Pétain se serait bien vu discourir le 26, voire le 25 au soir, après une après-midi vichyssoise consacrée à accorder les violons ministériels. Ce qui l'en empêche, c'est l'absence, du côté allemand, de toute annonce concernant les contreparties : de quoi que ce soit qui rende "moins lourd le poids de l'occupation", accélère "le rapatriement de nos prisonniers" ou atténue "la rigidité de la ligne de démarcation".
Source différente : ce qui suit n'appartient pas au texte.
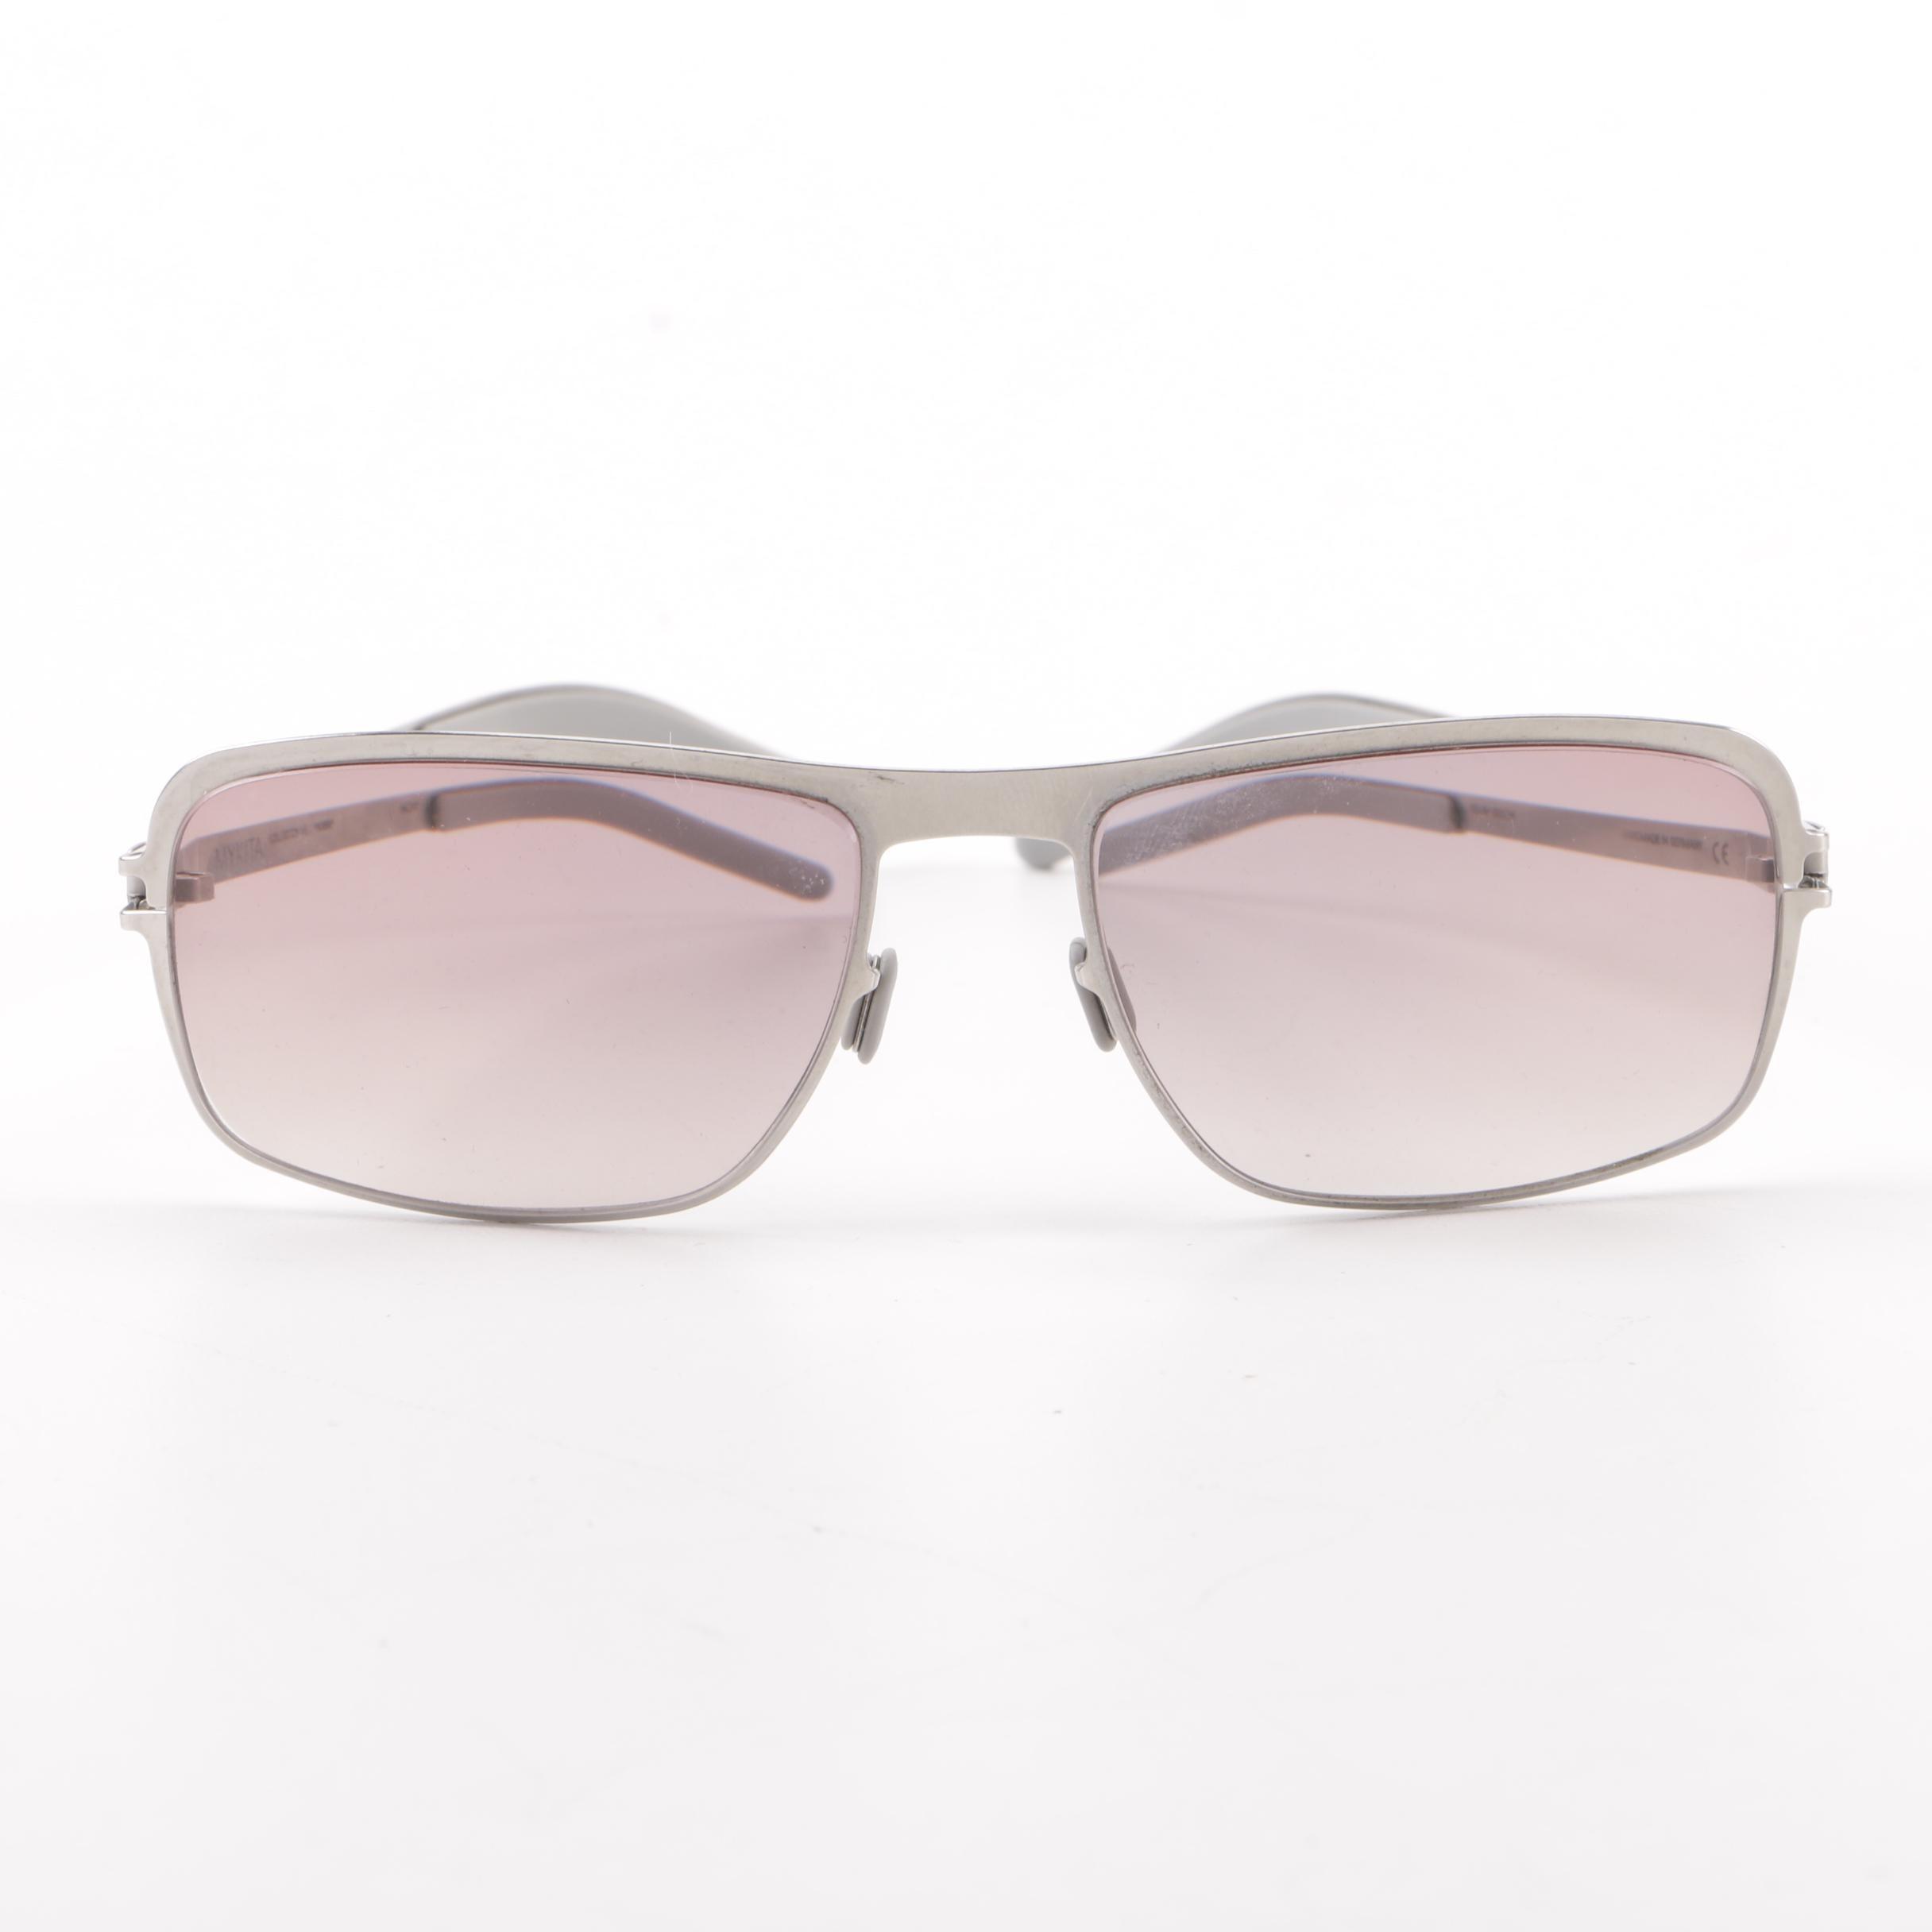 Mykita Collection No.1 Robin Stainless Steel Prescription Gradient Sunglasses
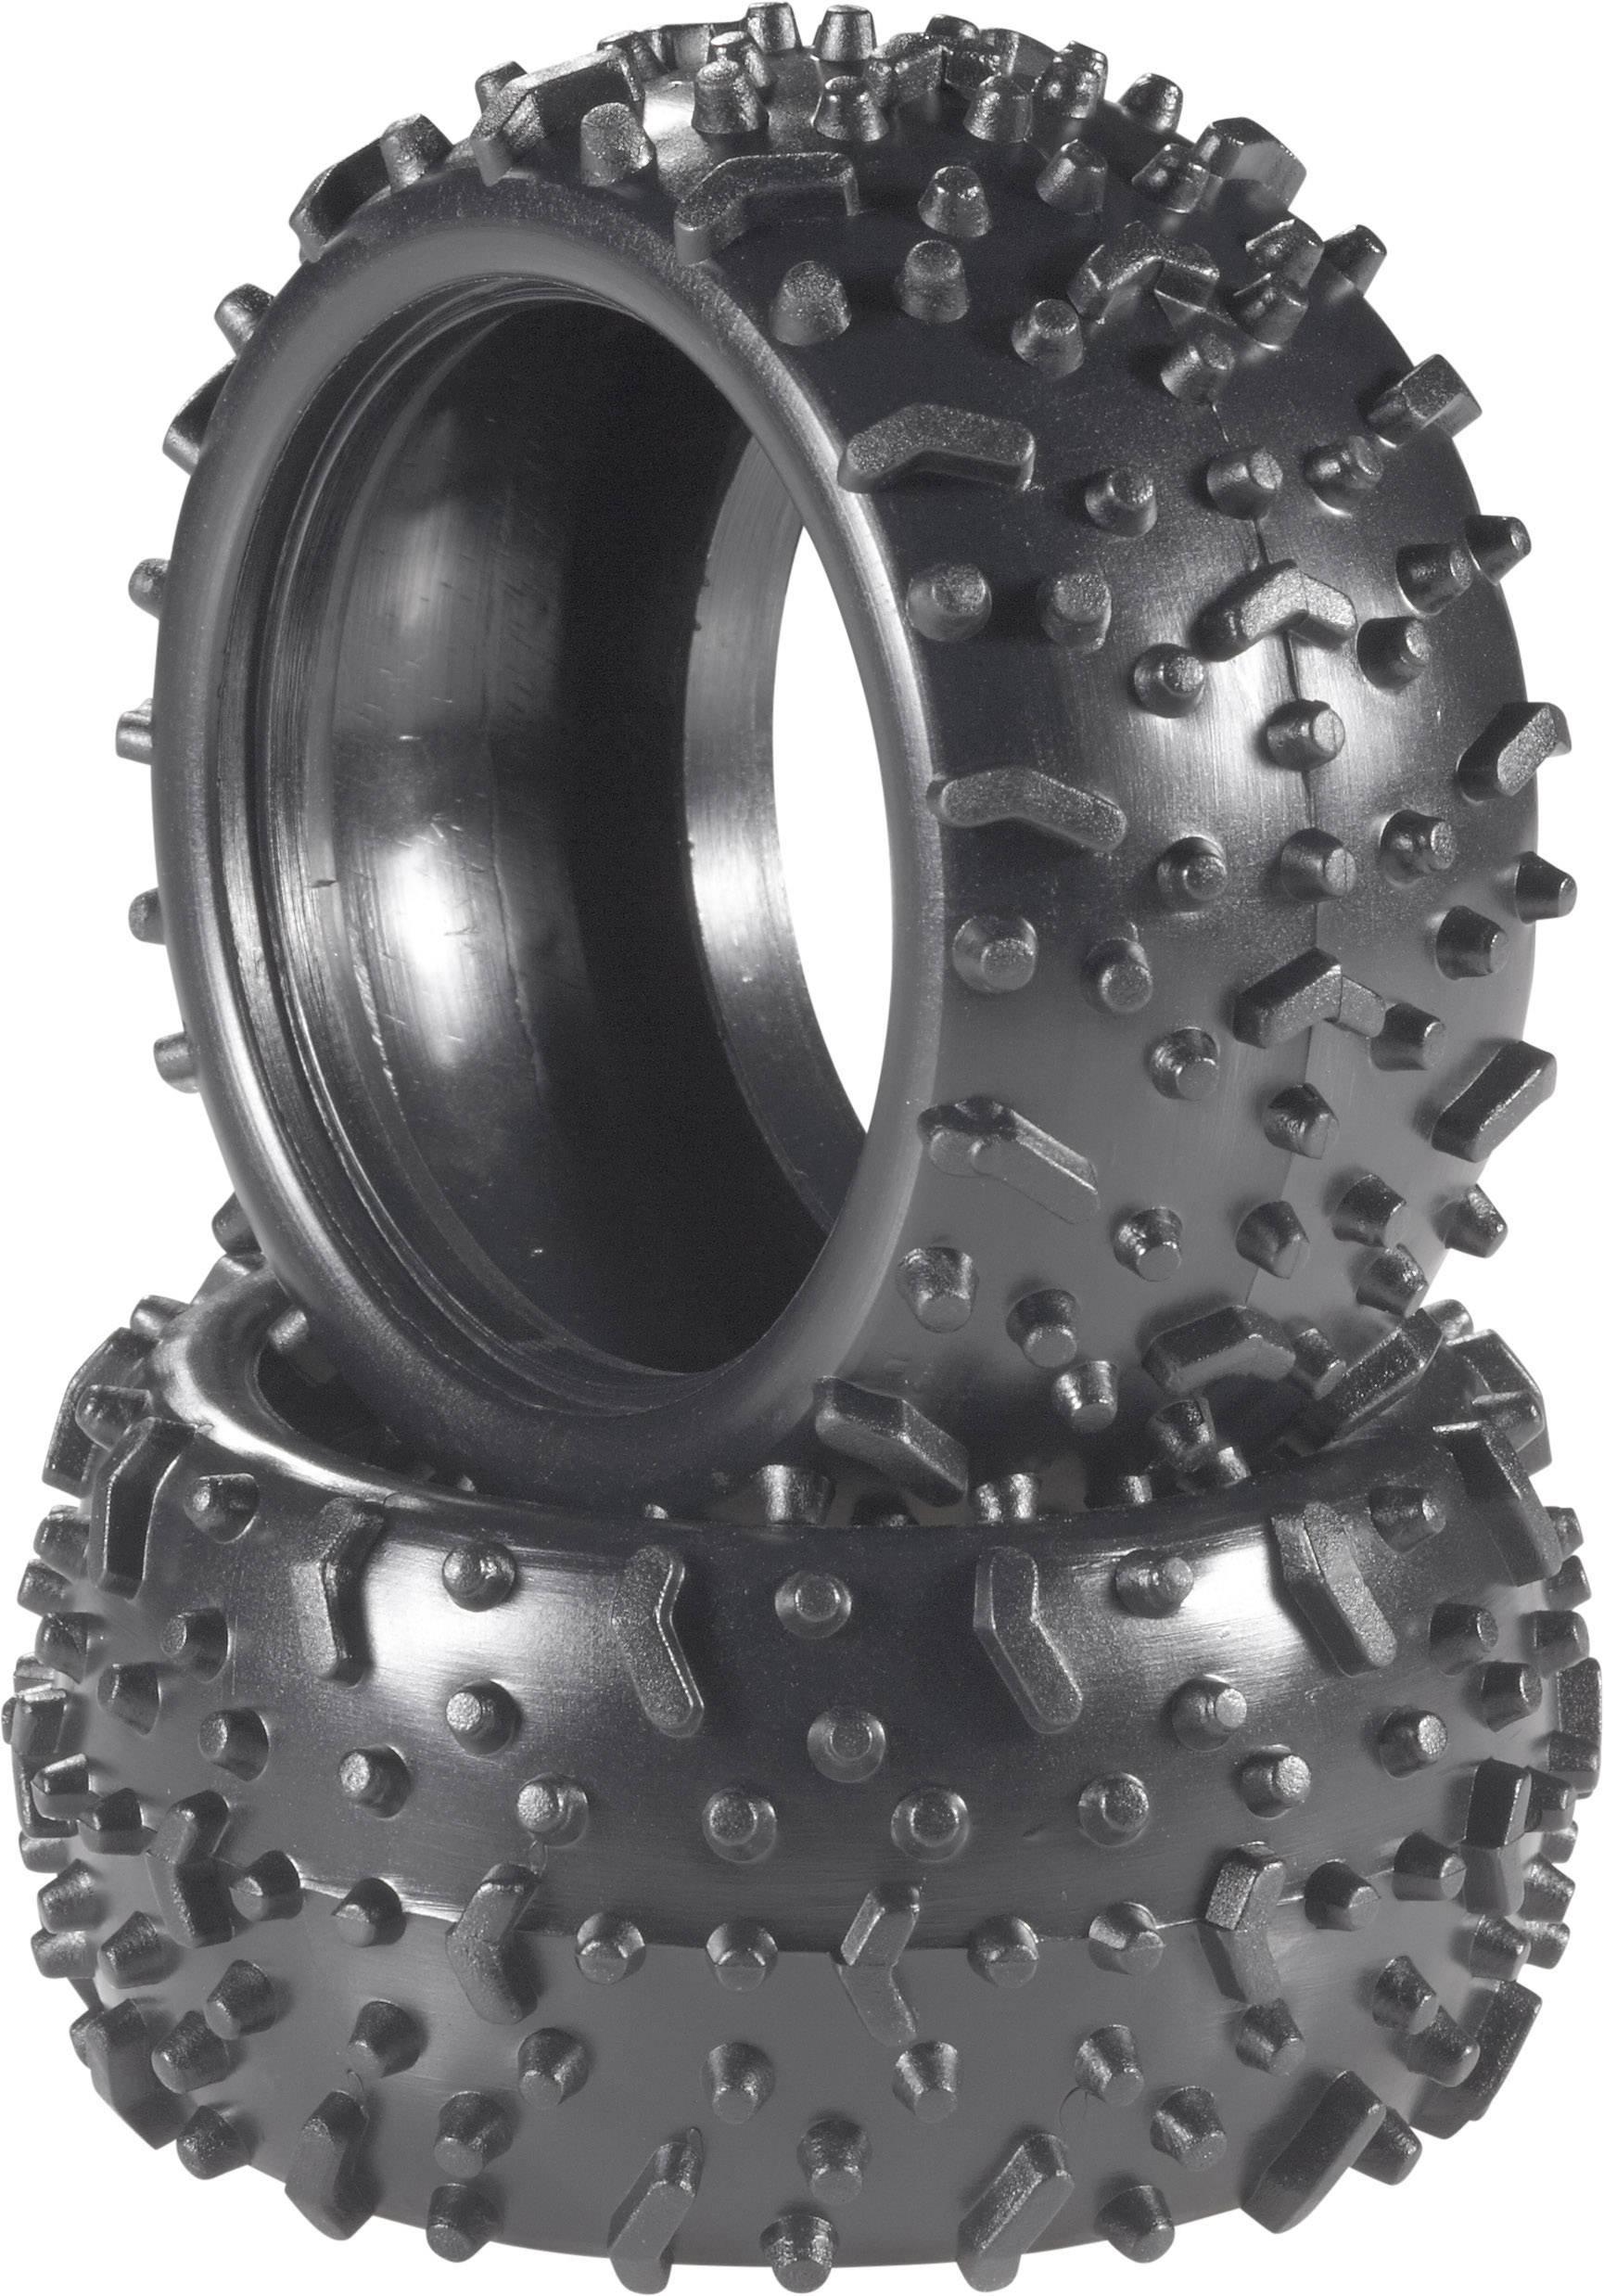 Pneumatiky Extreme Reely CB3691 pre buggy, 83 mm, 1:10, 2 ks

Le vieux maréchal a suffisamment appris son nouveau métier de politicien (à moins que ce ne soit sa méfiance atavique envers le Prussien qui joue) pour savoir qu'il ne peut opérer son virage sans la moindre assurance et il espérait apprendre dès le lendemain, par exemple, que les contrôles au passage de la ligne s'étaient allégés. Ou que les discussions quotidiennes de Wiesbaden (siège de la commission d'armistice) avaient tout d'un coup changé d'atmosphère et que, pour commencer, on avait bu à la collaboration le 25 au matin. Rien ne se passe. Cependant, on se refuse à comprendre que Hitler ne cherchait qu'une poignée de main médiatique et une nouvelle humiliation de la France sans contrepartie aucune, et qu'on s'est fait avoir dans les grandes largeurs. On préfère penser que sa bureaucratie a besoin de points sur les i pour que la détente de Montoire produise ses effets à la base de la pyramide. Alors on bricole un discours d'attente, qui engage moins, qui remet la balle dans le camp allemand.
Il y a donc clairement deux temps :
1) Vichy se prosterne plus bas que terre et s'apprête à proclamer son acceptation d'une collaboration proposée par l'Allemagne, ce qui ne peut guère signifier autre chose qu'une participation à son effort de guerre, sans exclure en rien le domaine militaire.
2) Aucune des compensations espérées ne s'esquissant, le discours se fait plus flou, sans qu'on embraye la marche arrière pour autant. Pour aboutir au discours final du 30 qui peut se résumer ainsi : "Vous n'y comprenez rien (à vrai dire moi non plus), mais c'est moi le chef, alors vos gueules !".